Over the next few days there was very little activity along the river. Vast expanses of tall, swaying grass with wispy white tips were punctuated by a few dusty villages and occasional fields of bright yellow mustard. The villages were small and few had shops.
When I inquired about restaurants, people took me into their homes and fed me. An apple farmer visiting his nearby orchard explained to me, “The people share because they want to-after all, you could be a god.”
Five days into my trip, in the village of Tanda, I was brushing my teeth near the river with a group of 20 onlookers when a young man came over and invited me to stay at his house. At the age of 18, Iftakar was already a doctor, Urdu poet, chicken farmer and English student.
We spent the evening on charpoys (string beds) set outside the chicken shed talking about the river, discussing his poetry and eating fiery vegetarian food prepared by his mother. His family’s house is ten feet from the edge of the brown earthen cliff overlooking the river.
Later, when Iftakar’s friends arrived, I learned that one of them, Masquel, used to live in front of Iftakar. The now calm river had claimed his family home during the last monsoon. I suddenly realized that the strange circular stone and brick tubes I’d seen sticking up from the river were the remains of wells from washed-away homes.
The following night I camped and was up by 5:30 a.m. to start my paddle to the capital of New Delhi. A wrinkled old man with a stubbly gray beard helped me get the boat into the water.
As I was sitting with my feet out of the boat, intending to wash the thick, dark mud off, the old man came over and gently scrubbed each foot. I floated away looking back, and he bowed once before struggling up the bank and walking away.
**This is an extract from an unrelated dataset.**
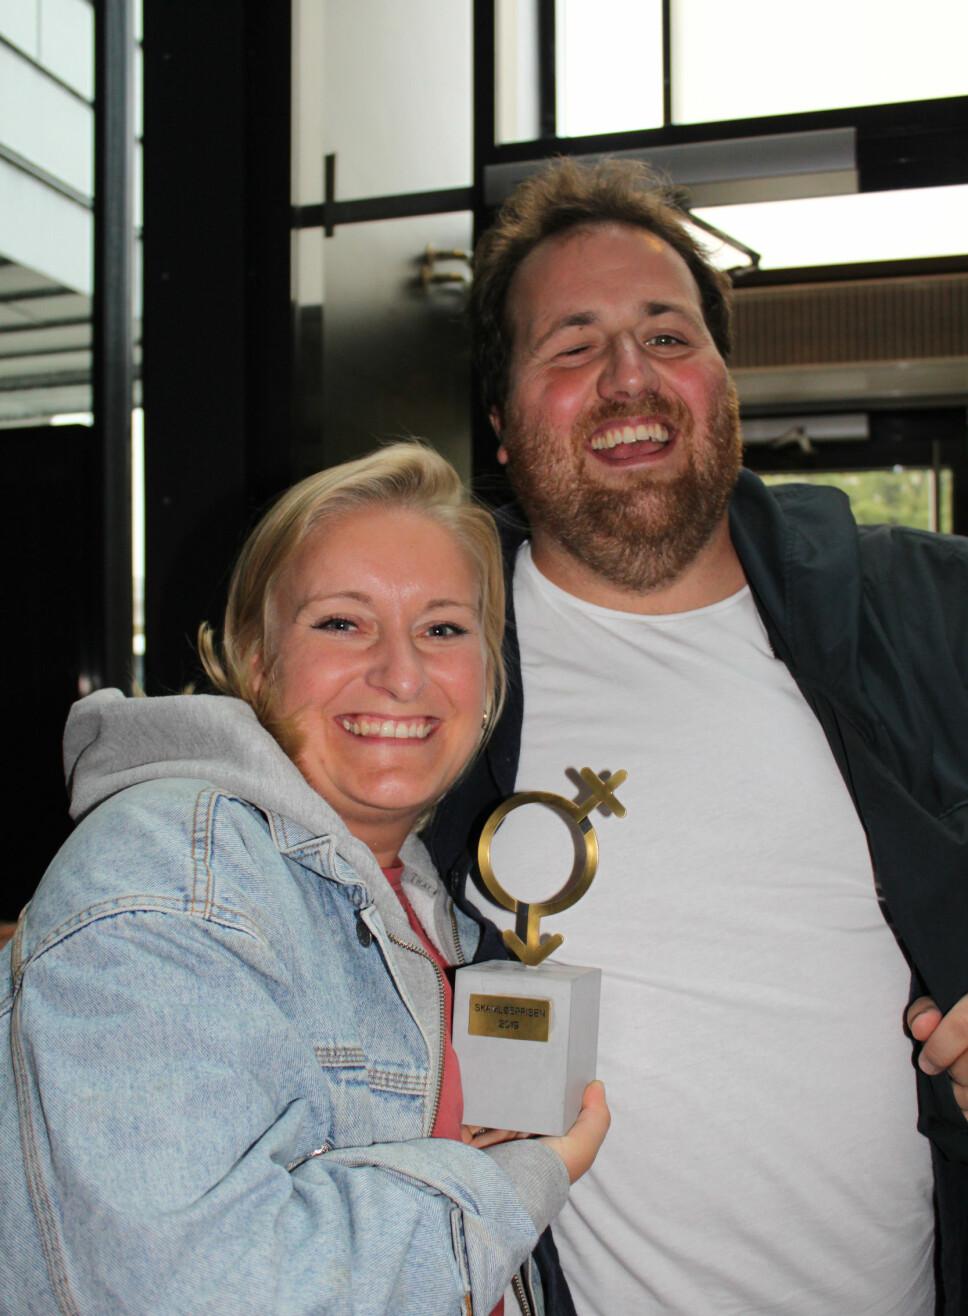 FORLOVET: Tuva Fellman vant Skamløsprisen 2019. Her avbildet sammen med forloveden og P3-programleder Ronny Brede Aase.
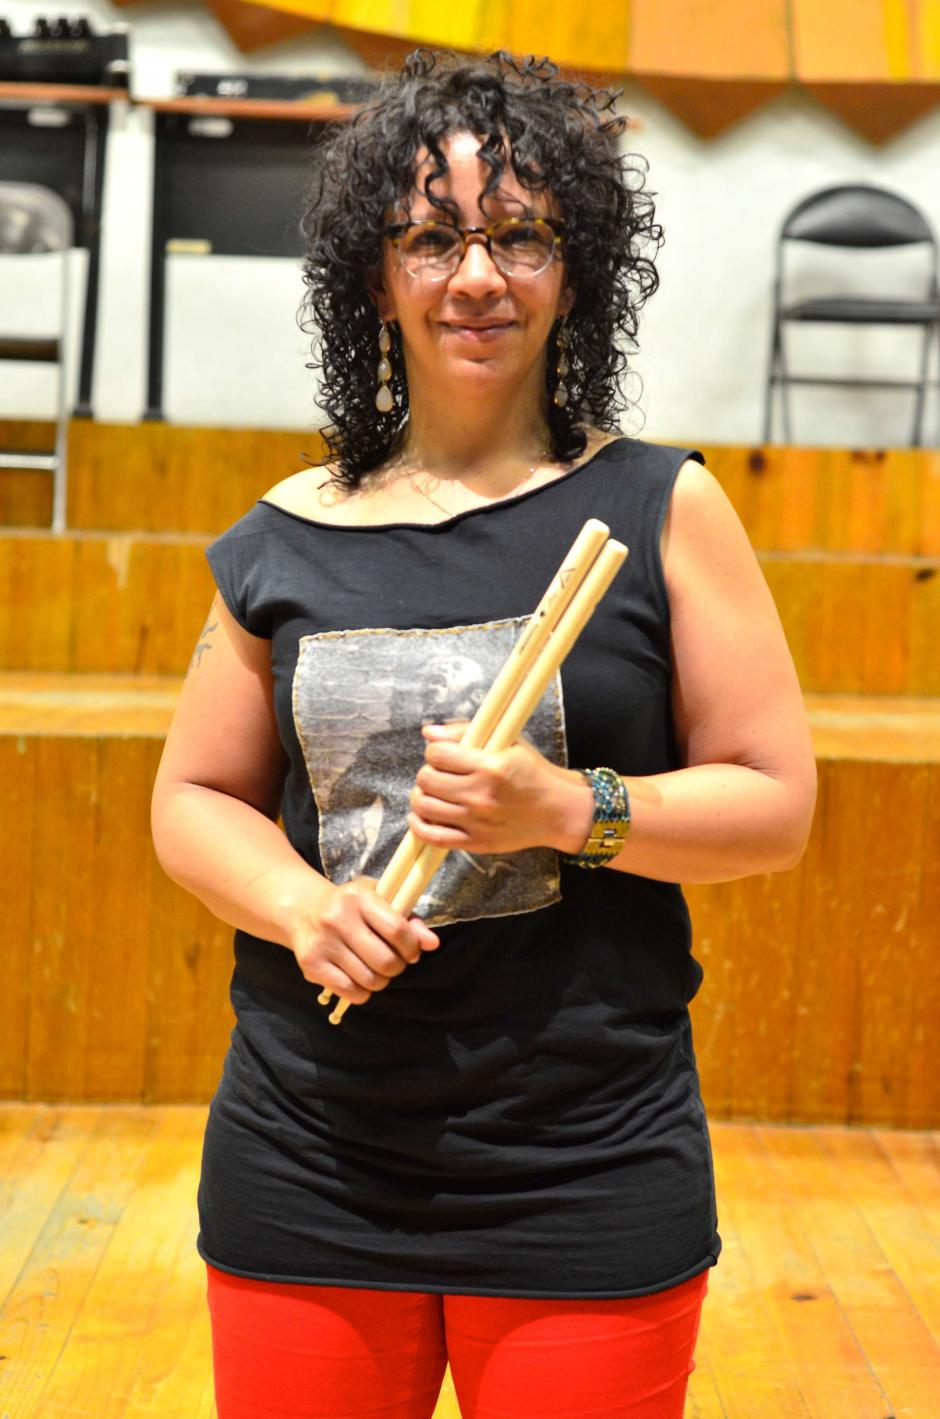 La compositora es embajadora cultural del Departamento de Estado de EE.UU. (Foto: Selene Mejía/Soy502)

I paddled past increasingly developed areas, and was on the northern outskirts of Delhi by noon. Paddling up to a dam with the city’s water intake plant nearby, I approached a rusted perimeter fence to ask a group of curious workers if I could come through to portage.
“Are you from Pakistan?” one of them asked. I was in for trouble. Two guards and a crusty old sergeant who was wearing faded khakis that were a size too small marched me to the guard house, a small dark concrete building.
I panicked at the thought that my trip might be over after just seven days. Luckily, after a few minutes of rummaging through my belongings, I found my passport, proving that I was indeed an American.
Faces brightened noticeably and old Sarge now brought me a cup of tea and wanted to know if I had met his brother in California.
The officer in charge, whose right arm was in a cast-maybe because he’d been fighting other kayaking terrorists-explained that they had detained me because the dam was a restricted area. I asked how I could know this, as there were no signs posted. “Of course there are no signs, it is a secret.”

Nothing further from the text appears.